I am checking to see if a pandas column matches a pre-defined regex, using .any()
to get the first match if found. However, I need to return the index/row where this match occurred so that I can get the value of another column in that row.
I have the below to check where the reg_ex pattern exists in df['id_org']
if df['id_org'].str.contains(pat=reg_ex, regex=True).any()
Once the above evaluates to true, how do I get the index/row that caused the expression to evaluate to true? I would like to use this index so that I can access another column for that same row using pandas df.at[index, 'desired_col']
or .iloc
functions.
In the past I have done: df.at[df['id_org'][df['id_org'] == key].index[0], 'desired_col']

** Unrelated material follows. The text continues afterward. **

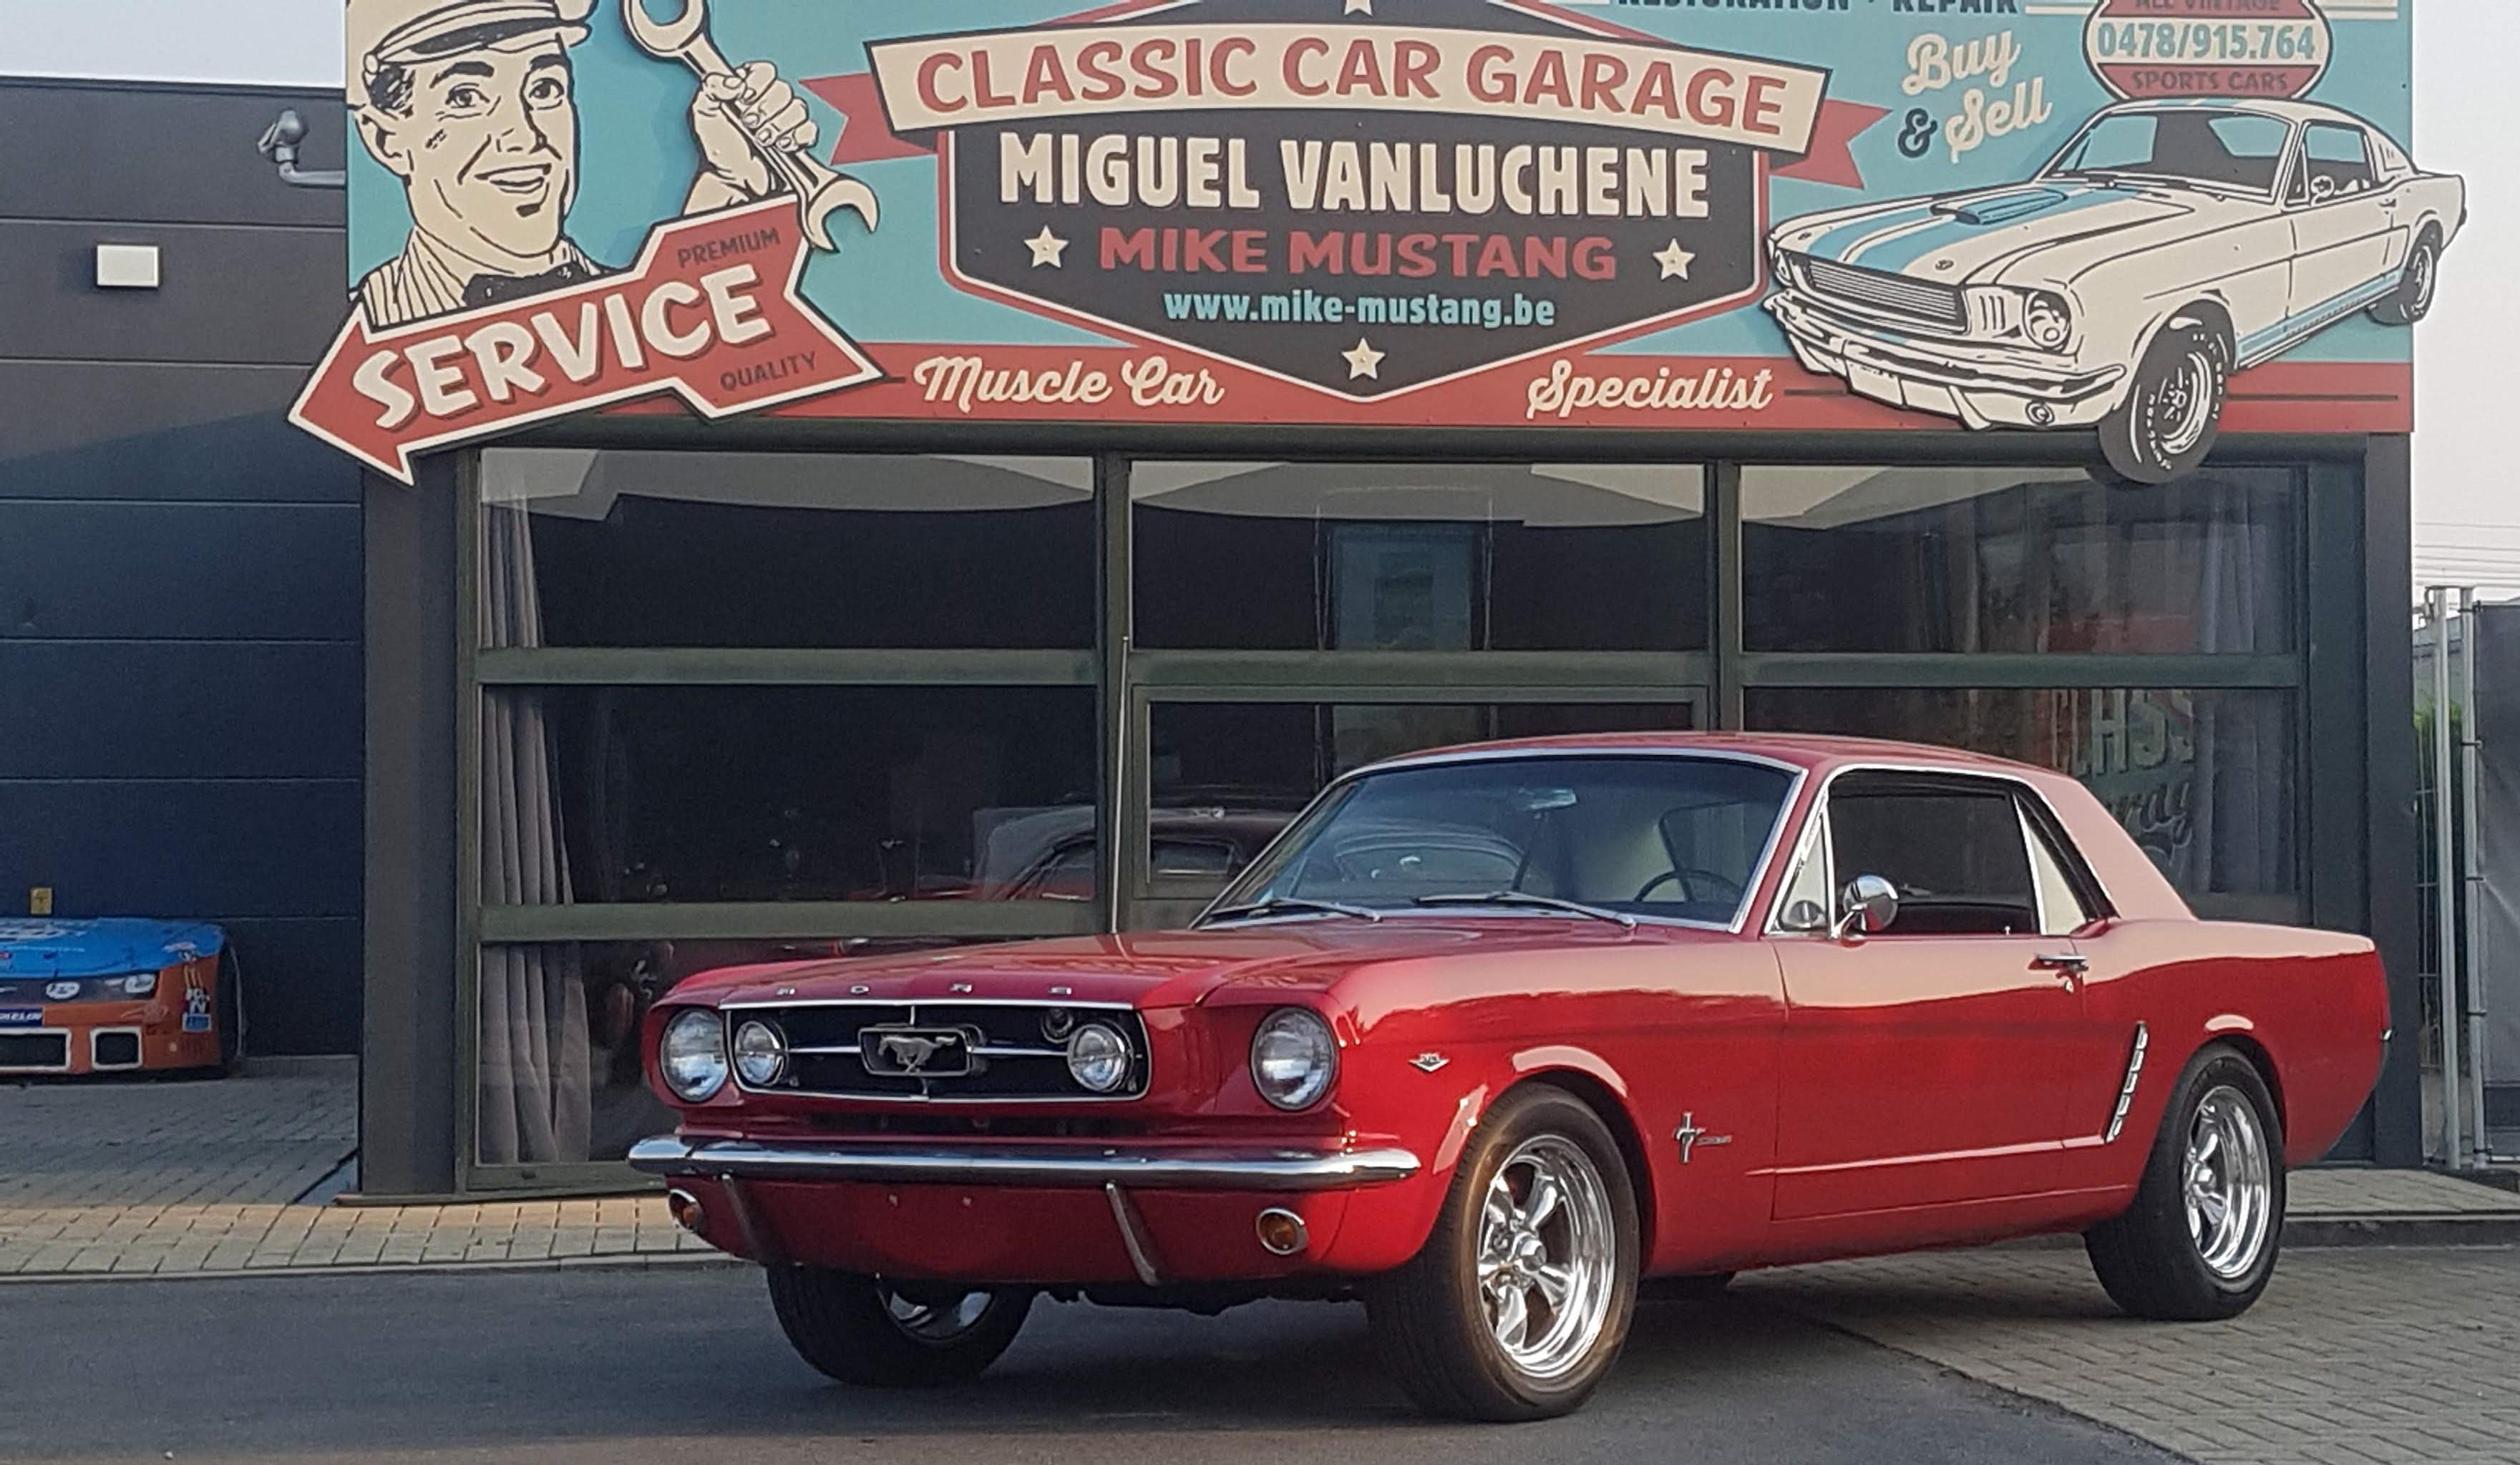 Mike Mustang

however, I can't use this line of code any more because I am no longer checking for an exact string "key" match bur rather when a regex now matches in that column.
CodePudding user response:
You can use idxmax
combined with any
:
reg_ex = 'xxx'
s = df['id_org'].str.contains(pat=reg_ex, regex=True)
out = s.idxmax() if s.any() else None
s = df['id_org'].str.contains(pat=reg_ex, regex=True)
out = s[s].first_valid_index()
Example of outputs:
# reg_ex = 'e'
1
# reg_ex = 'z'
None
Used input:
id_org
0 abc
1 def
2 ghi
3 cde
all matches
s = df['id_org'].str.contains(pat=reg_ex, regex=True)
out = s.index[s]
Example for the regex 'e'
: Int64Index([1, 3], dtype='int64')